Start of Provided material

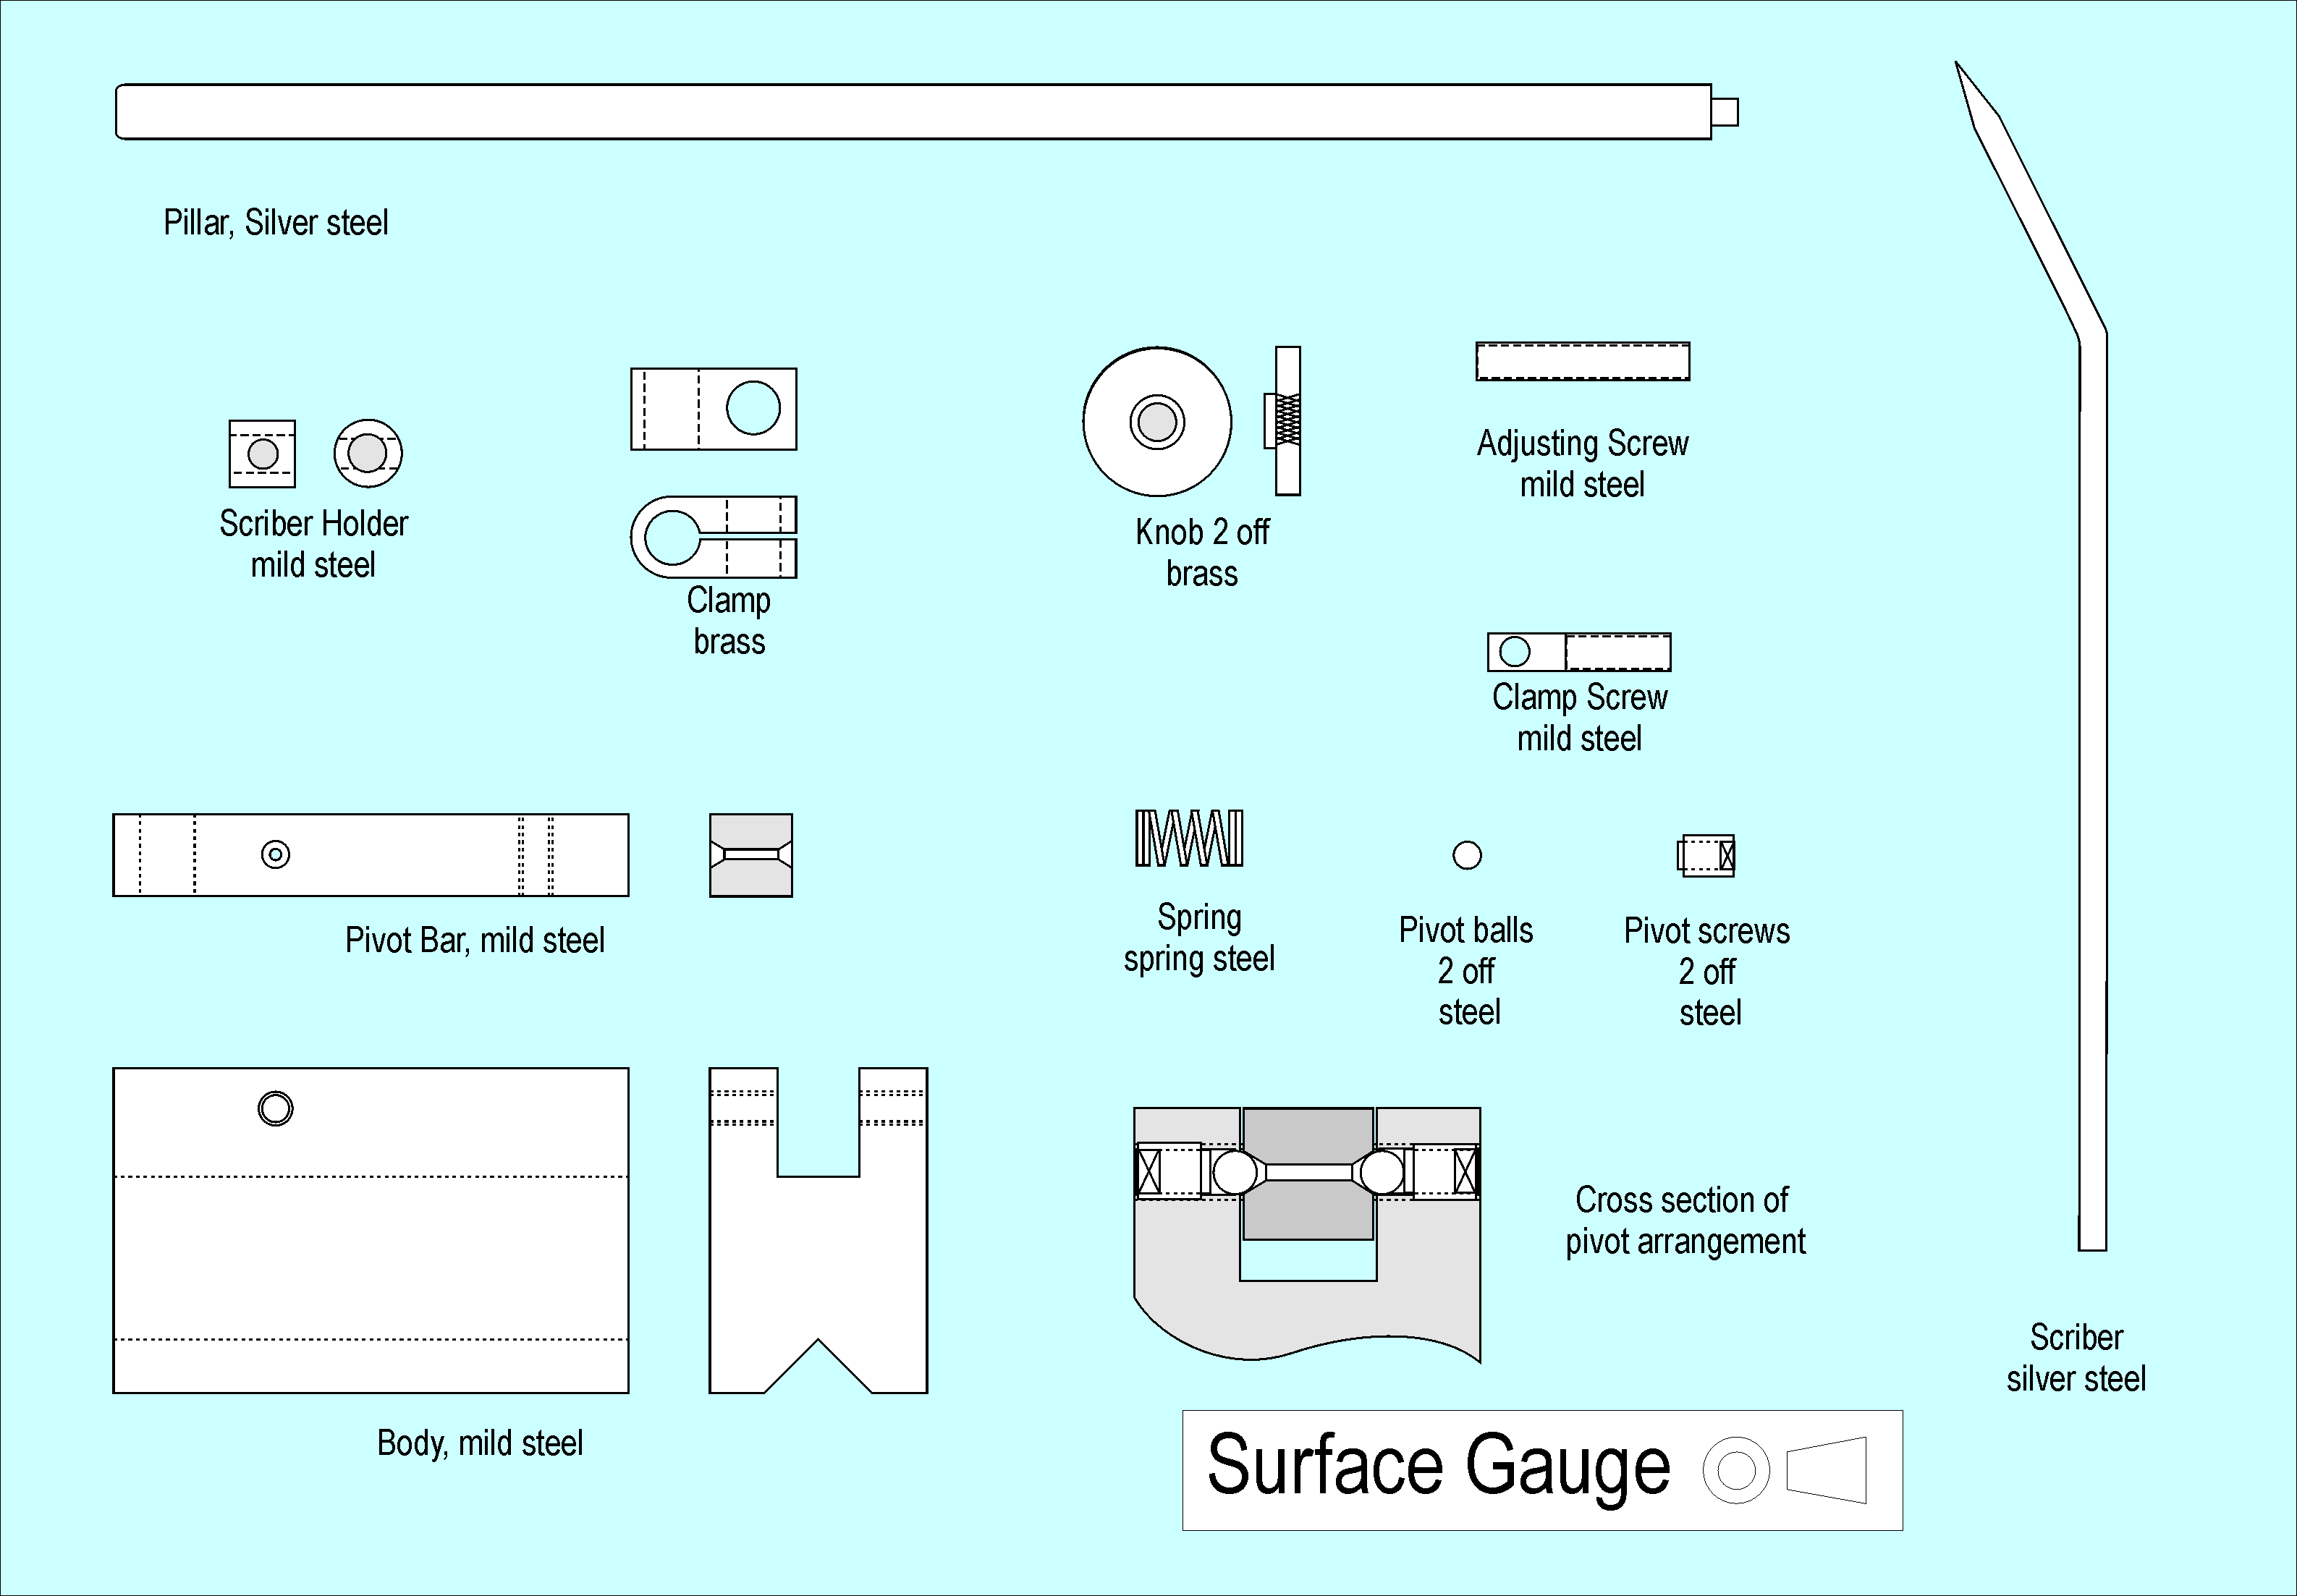 Plan for the Surface Gauge
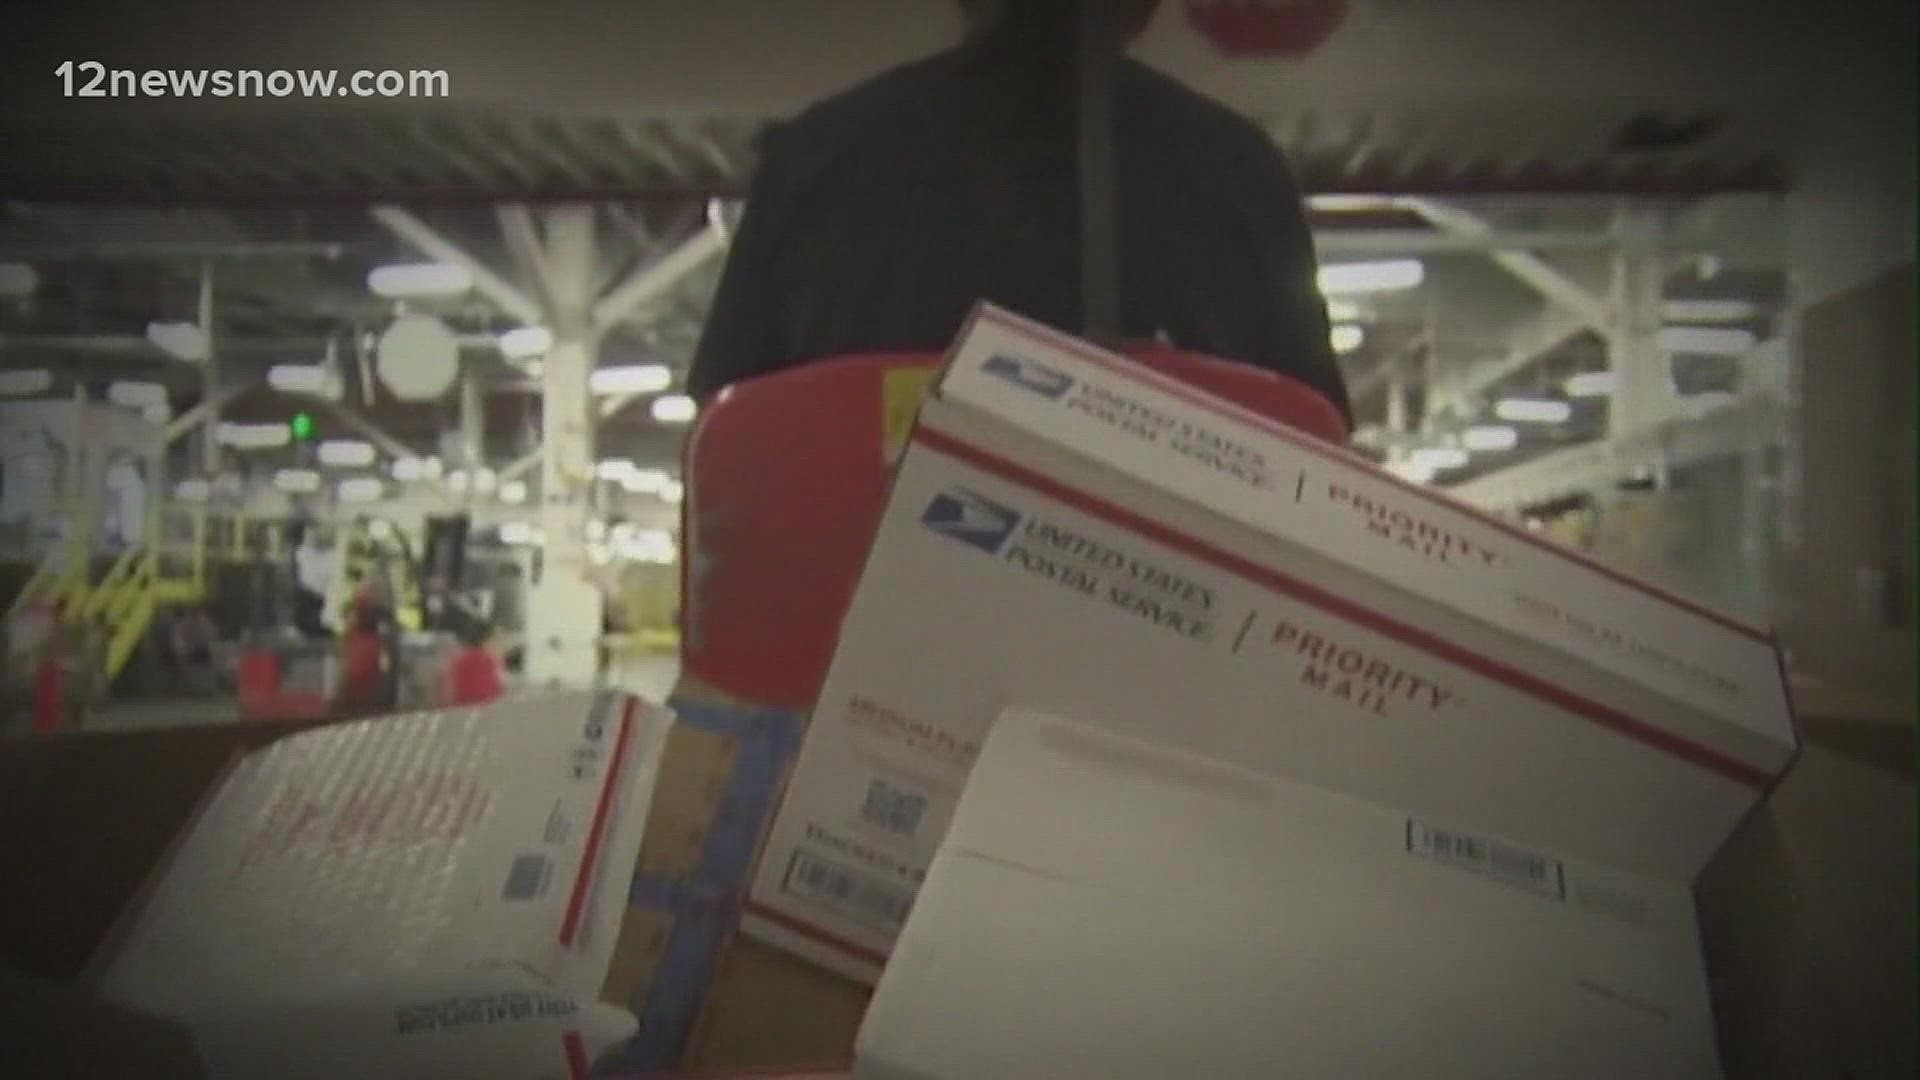 This year, holiday scams are on the rise.
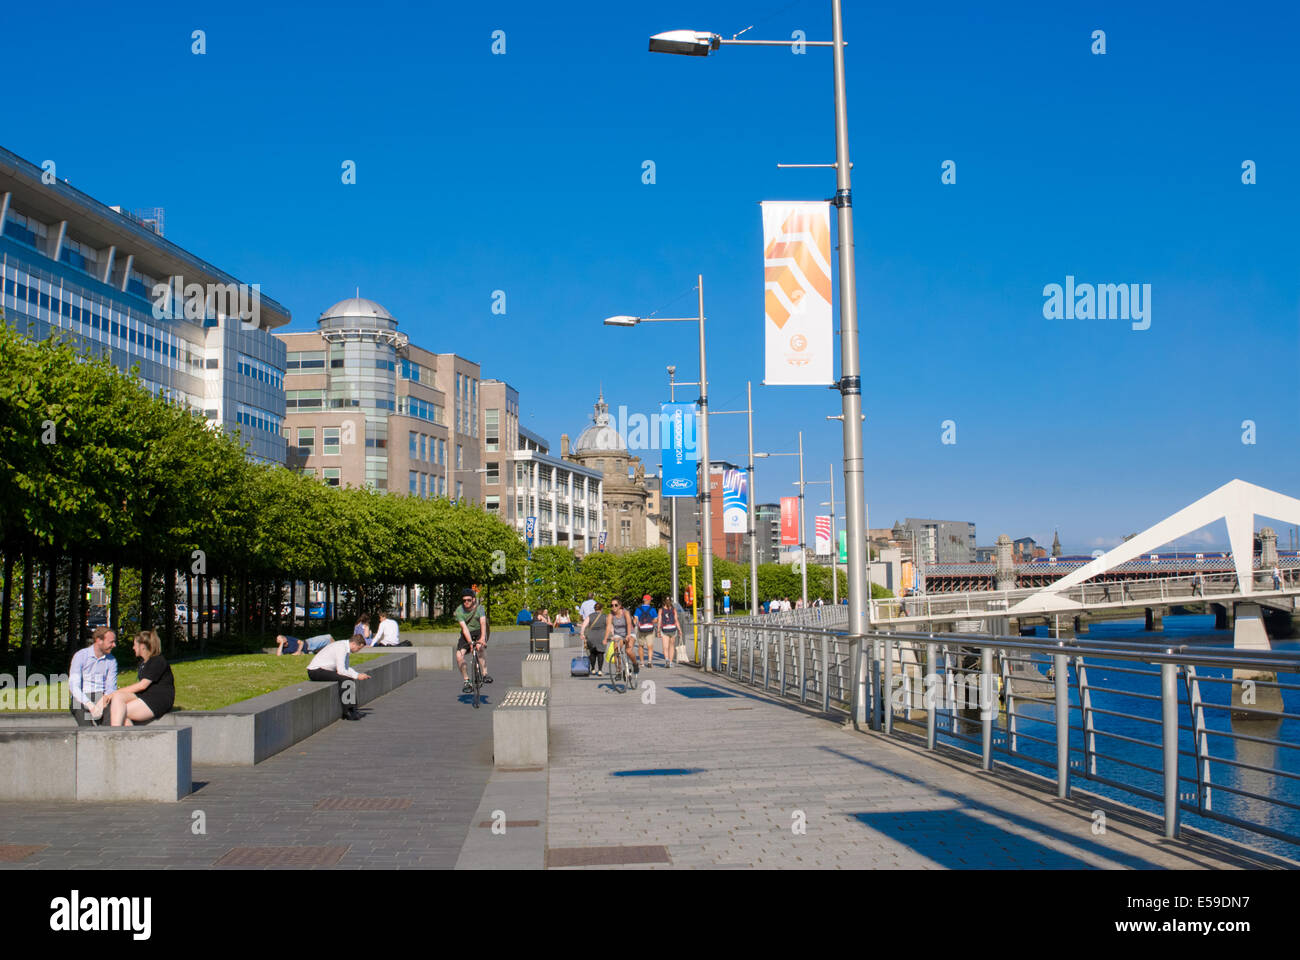 Commonwealth Games banners on the lamp posts at Broomielaw, Glasgow Stock Photo

End of Provided material

Excluding every picture, set down the listing exactly.

 Plan for the Surface Gauge
 This year, holiday scams are on the rise.
 Commonwealth Games banners on the lamp posts at Broomielaw, Glasgow Stock Photo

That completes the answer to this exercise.